By Rochelle Bargo, New America Media, News Report
SAN FRANCISCO, Calif.–The women entered the brightly colored room with sets of kickboxing equipment lined up on the side. Some slowly took off their scarves, also known as a hijab, and jilbab, revealing their workout gear underneath.
Their fitness instructor, Phalestinah Abdo, welcomes them with the words, “Assalamu ‘alaykum” (Peace be with you). Responding with the words, “Wa ‘alaykum salaam,” they began stretching their arms, starting their cardio kickboxing routine with two sharp jabs and a hook.
Although there is nothing in the Quran that forbids Muslim women from exercising, they are not allowed to exercise uncovered or have physical contact with men. However, there are many stories well known to Muslims about women going to battles.
During the Battle of Khaybar in 629, fought between Muhammad and his followers against the Jews living in Khaybar, 20 Muslim women went along with Muhammad and his followers.”If these women from the past were warriors, then they were probably jumping or riding a horse,” said Jittaun Jones, a Muslim fitness instructor.
Western perceptions of Muslim women often revolve around images of passive figures shadowed by both men and the robes that enshroud them. “I find it interesting that other religions – despite their histories of oppressing women – are not seen in the same light as Islam,” said Yuka Nakamura, a York University assistant professor who studied Muslim women’s participation in sports. “Perhaps this is because the image of the Muslim woman has become so emblematic, and the image of the veiled Muslim woman is so vivid.”
Empowering Muslim Women in a Safe Environment
In 2004, the Muslim Community Association (MCA} of the San Francisco Bay Area saw a need to provide a place for Muslim women to have fun and get in shape while observing their religion. MCA Bay Area offers fitness classes, such as cardio kickboxing and a boot camp designed for Muslim women with infants.
Abdo, 33, was inspired to teach cardio kickboxing at MCA when she saw the need for fitness designed for Muslim women.
“I want to focus on empowering women in the Muslim community,” Abdo said. “Many of them do not have the opportunity to exercise in their home countries or in a women’s environment where they feel comfortable.”
To the women in Abdo’s class, this multipurpose room is a safe haven to take part in fitness classes along with other Muslim women. It becomes a place to strengthen themselves physically and mentally.
Abdo is an American Muslim with Palestinian roots from her father. Besides working as an MCA fitness instructor, she is also the director and founder of Tenacious Preschool, an Islamic preschool located in the Bay Area.

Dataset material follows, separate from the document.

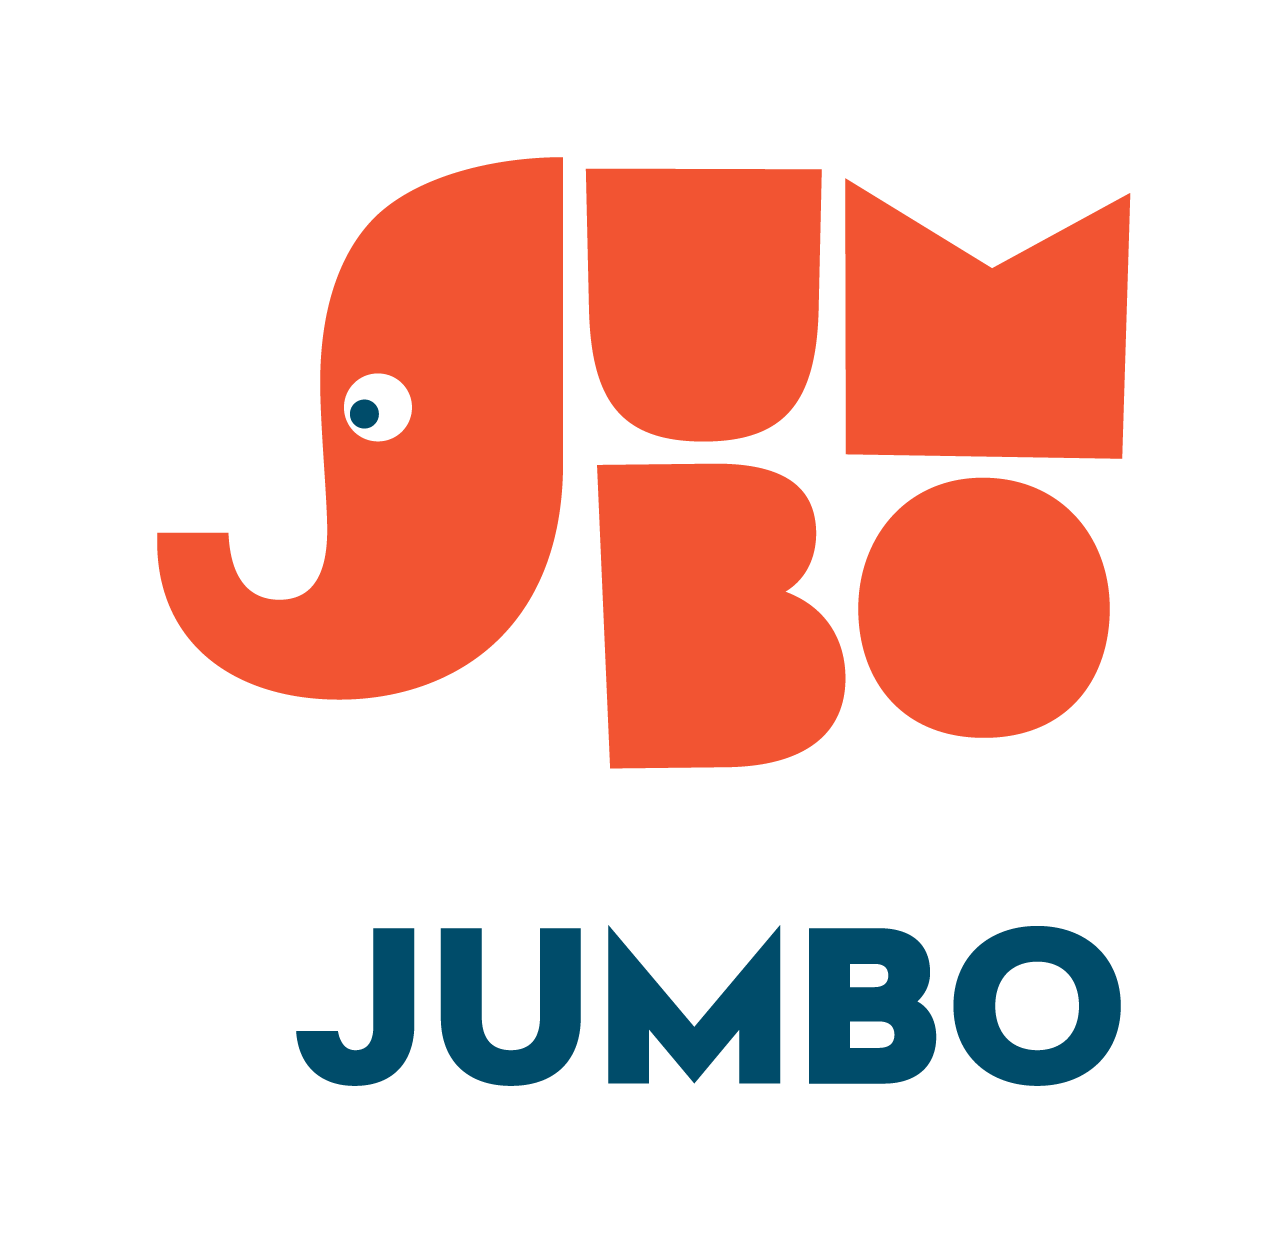 Jumbo Interactive logo

“I wanted to incorporate Islam as a moral and spiritual guide and provide the best strategies the American system of education has to offer,” Abdo explained. She believes that the American system offers critical thinking, creativity, public speaking, and an opportunity to thrive, and she wants to give Muslim children in the Bay Area an opportunity that others may not have.
For devout women
Meanwhile, Jittaun Jones, an African-American who converted to Islam 12 years ago, teaches baby boot camp classes at MCA. “There are women who are more mosque-going and more practicing,” said Jones. “I happened to be one of those people, and I kept thinking that it would be nice to start something for those women.”
Jones taught three classes each week from January to mid-February this year. In the classes she works out with 20 mothers with their babies. Two of the classes were designed for women who have never attempted a squat or push-up. Mothers took breaks when their babies need to be fed.